Set down each line of the data below exactly as it stands, dropping the pictures.

- _Information provided_
_ _ _ _
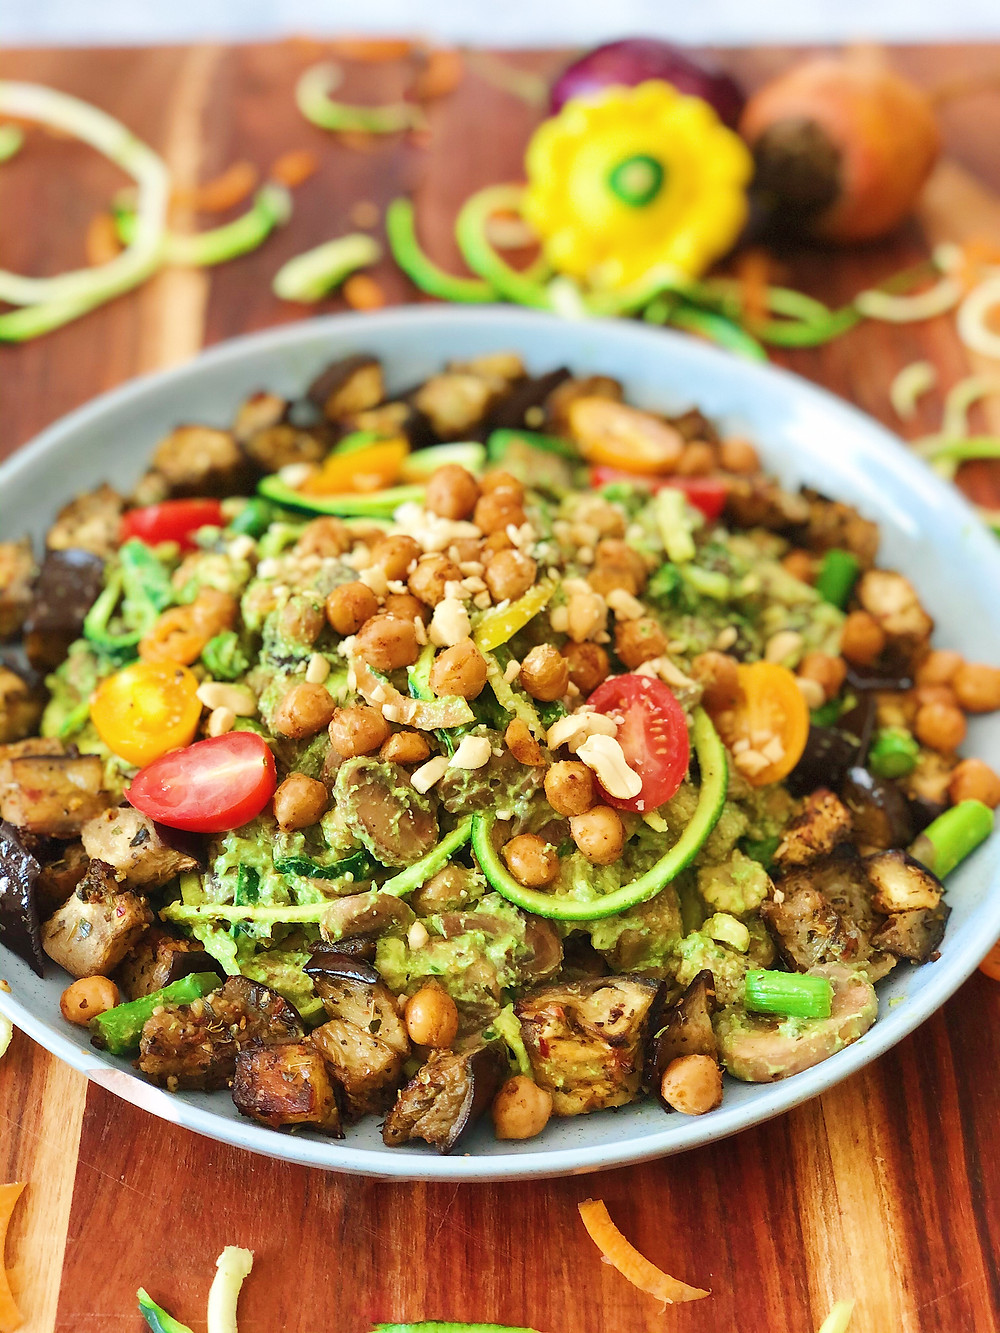 Vegan zoodle (zucchini noodles) with avocado pesto, eggplant, chickpeas and veggies
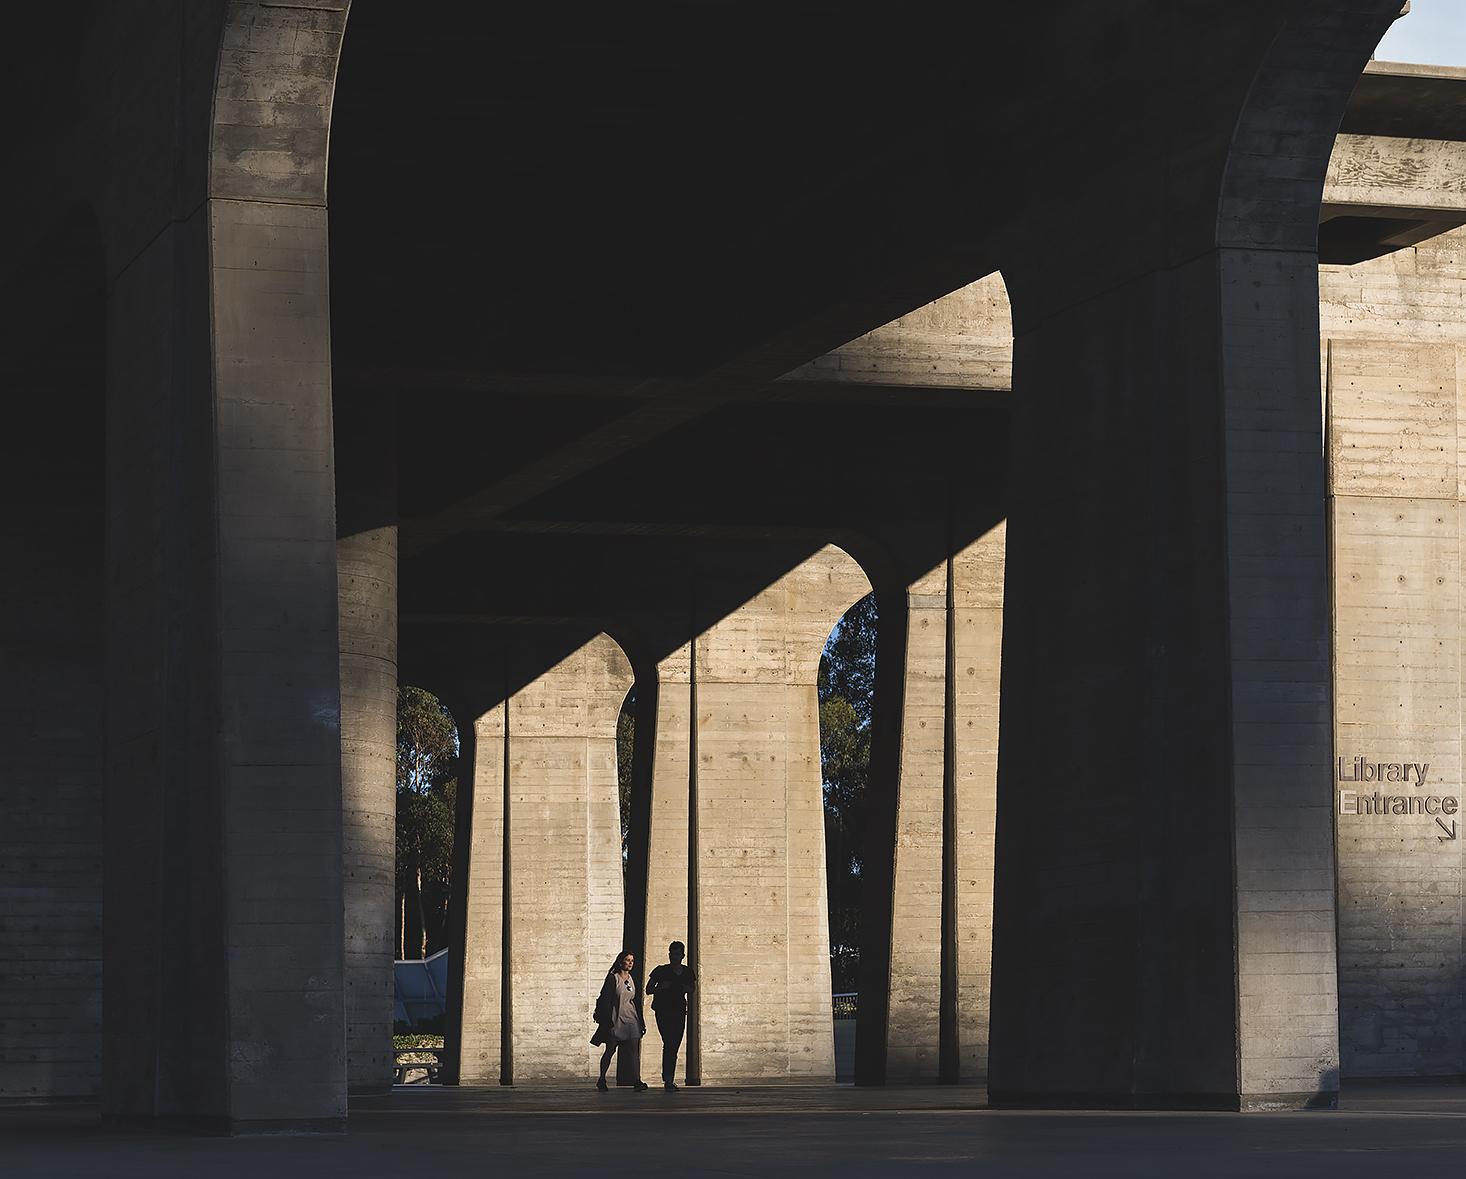 UCSD Geisel Library | La Jolla, CA
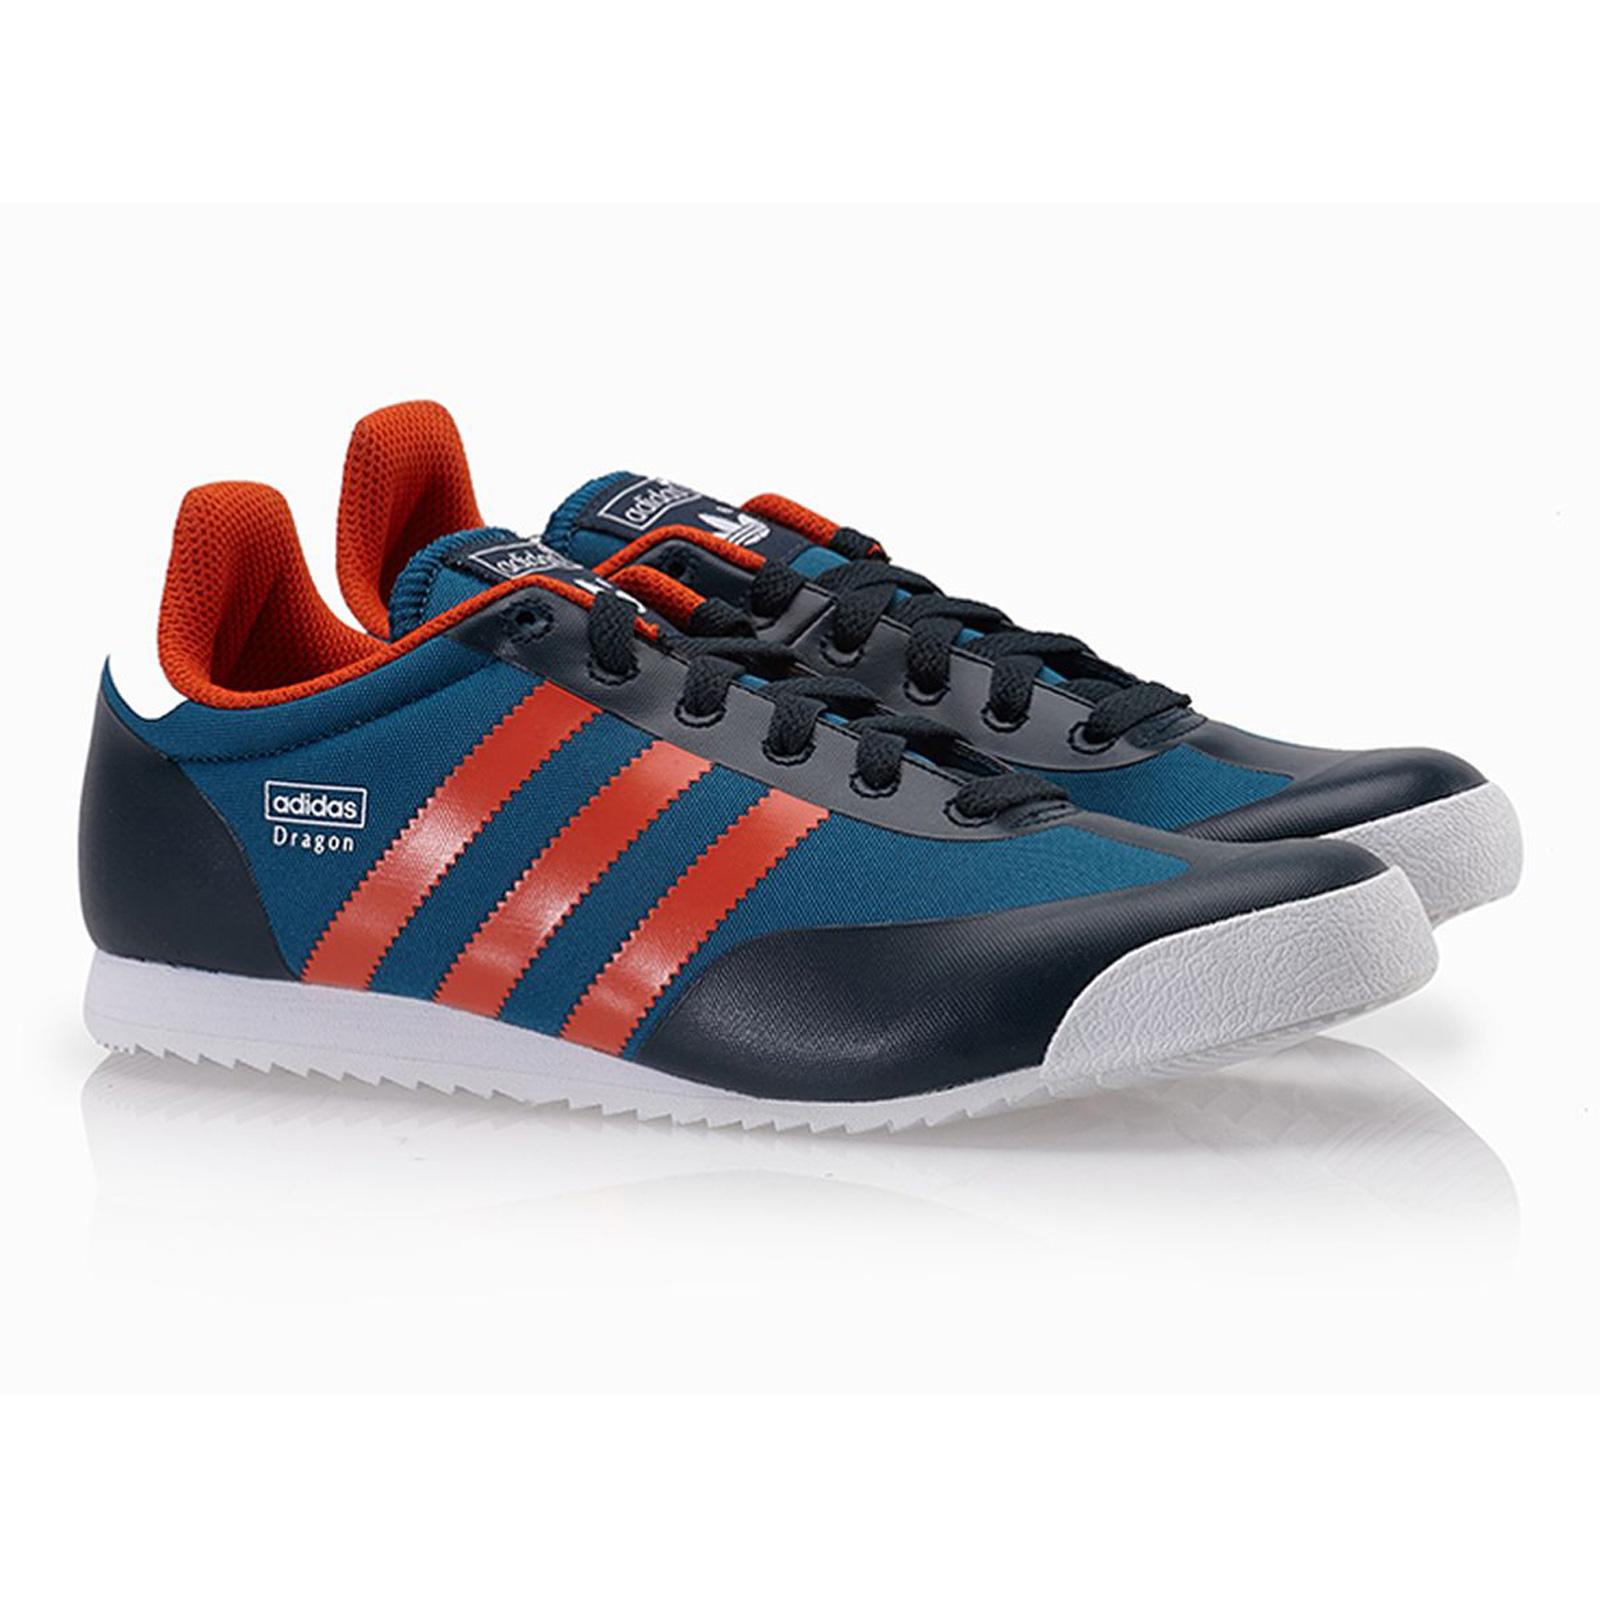 buy popular 2d0f9 566fb adidas Originals Dragon Damen Schuhe Freizeit Sneaker M17095 Blau Petrolink
_ _ _ _
- _Response to this task_
 Vegan zoodle (zucchini noodles) with avocado pesto, eggplant, chickpeas and veggies
 UCSD Geisel Library | La Jolla, CA
 buy popular 2d0f9 566fb adidas Originals Dragon Damen Schuhe Freizeit Sneaker M17095 Blau Petrolink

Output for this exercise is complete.